How newbie got Ångström demo working

Kevin Uhlir wrote:

Vfat..hmmm... well I could use that for the logs. Since log files would be somewhat "similar" to writing pictures sequentially, which is what the camera would do, it should fit their "possibly simple or non-existant leveling method".

I don't see vfat supporting anything like data=ordered for ext3. I'm left with the sync option. I'm still thinking I might beat the wear-out issue by simply scheduling copy and replacement once a year, then give away the old SD card to some unsuspecting person. Still I think I'll take the vfat advice in combination with scheduled replacement.

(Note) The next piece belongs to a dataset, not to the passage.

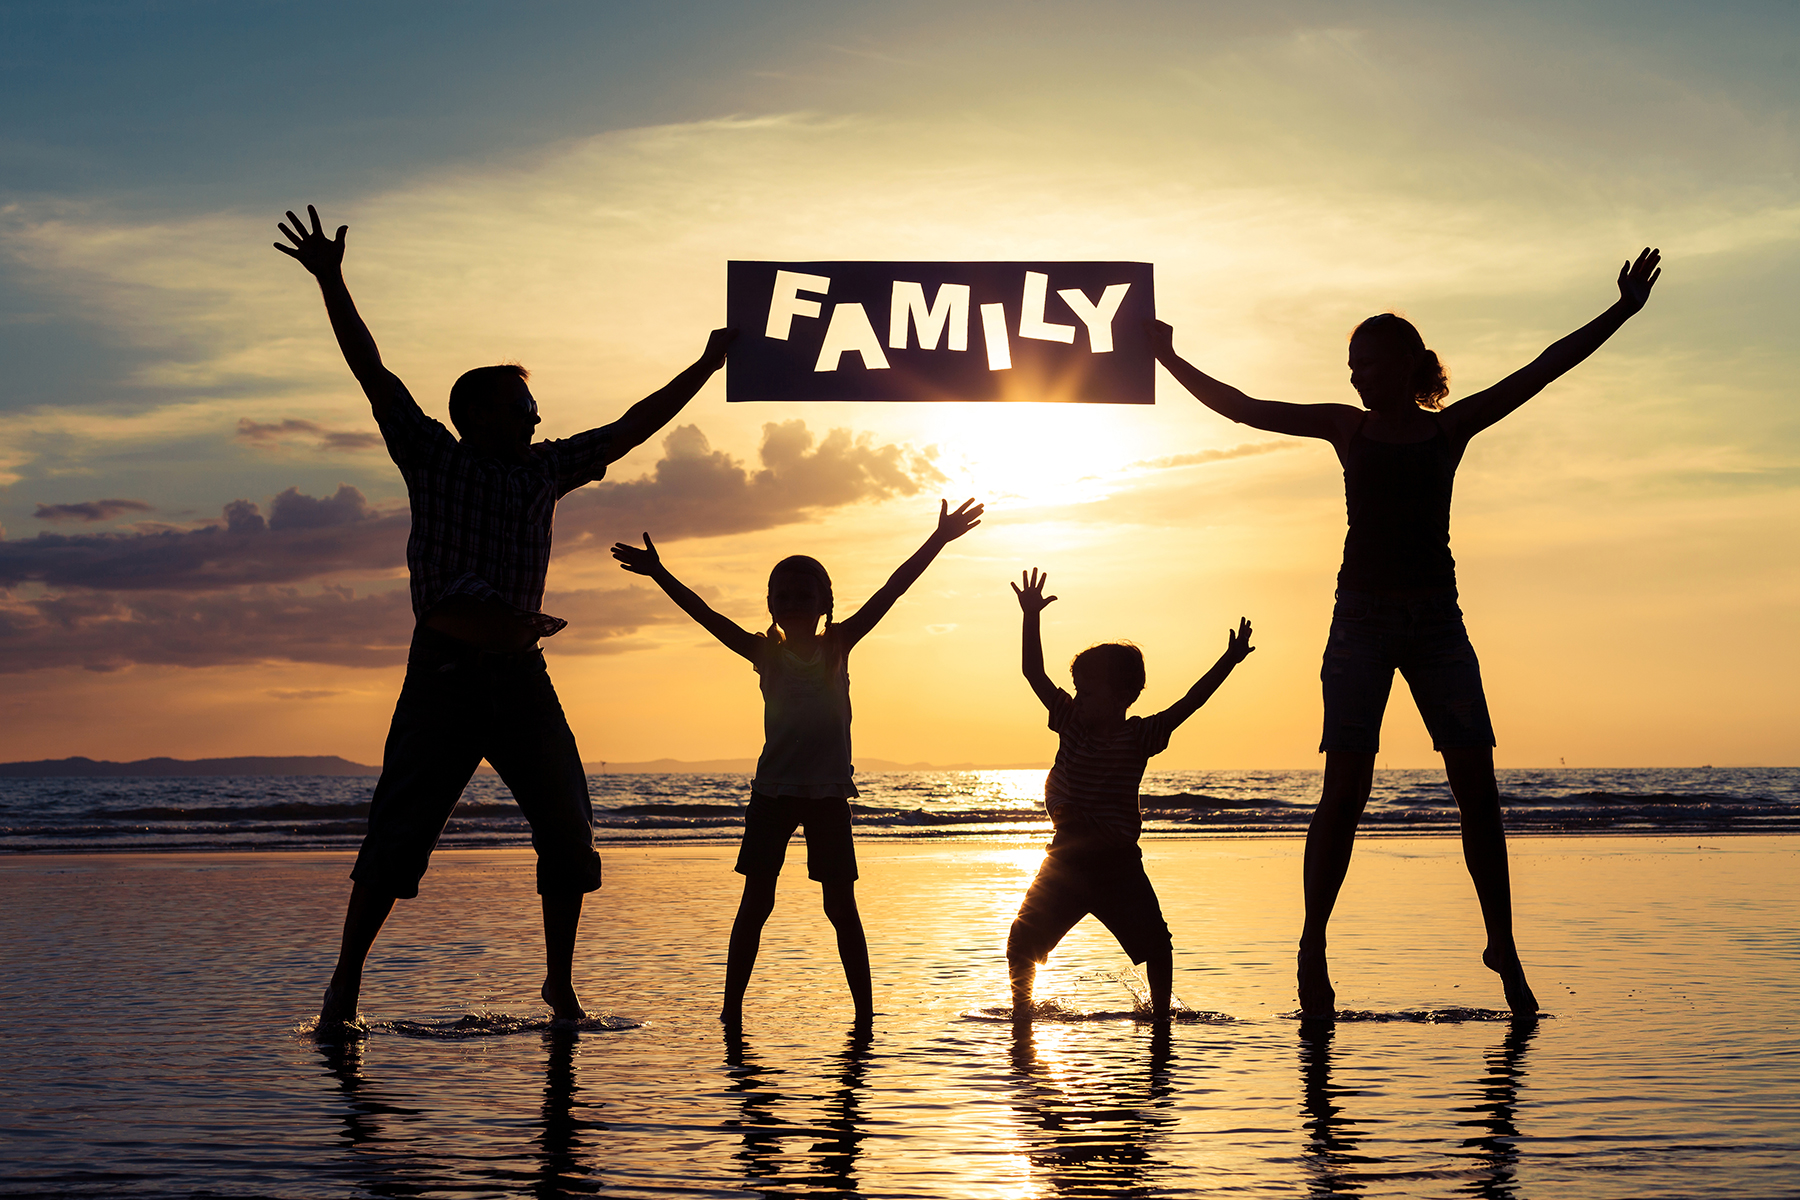 How To Have The Best Family Day Ever

Ext3 is probably similar enough, and you'd get the journaling benefit as well.
But yea, I'd definitely schedule replacement--- and when picking the replacement
candidate buy two and abuse the daylights out of one first to see what happens.
I have seen a couple of SD/MMC controllers get completely hung up on an error,
to the point that you just pitch the card. Little postage-stamp-sized
doorstops, as I remember it.

I assume jffs2 would be the right choice for a rootfs on the nand flash on the board.

Yes, or perhaps yaffs. I haven't had time to look at the UBI stuff, maybe
there's something there too.

However if I mounted it read-only I could still choose ext2 for performance

reasons.

True, if you could create the image offline and then dd it into the device.

For read throughput, once you're mounted the performance difference might not be
all that different between ext* and the various *ffs*-en, because the kernel's
VFS stuff works to your advantage for both. JFFS has a reputation for slow
mounting, but "summary nodes" can speed that up if you enable that feature. If
your system even cold-boots at all, I mean--- most of my platforms are up so
long, the reboot time doesn't matter because it's only done a few times a year.

I'd probably go with one of the ffs-en rather than ext even in a presumed
read-only scenario. Because then if you changed your mind later about
read/write you wouldn't have to reconfigure the system--- just remount if
necesssary, and you're good to go.

b.g.

Thanks, didn't know that.
I've not noticed any problems yet although it is very early days.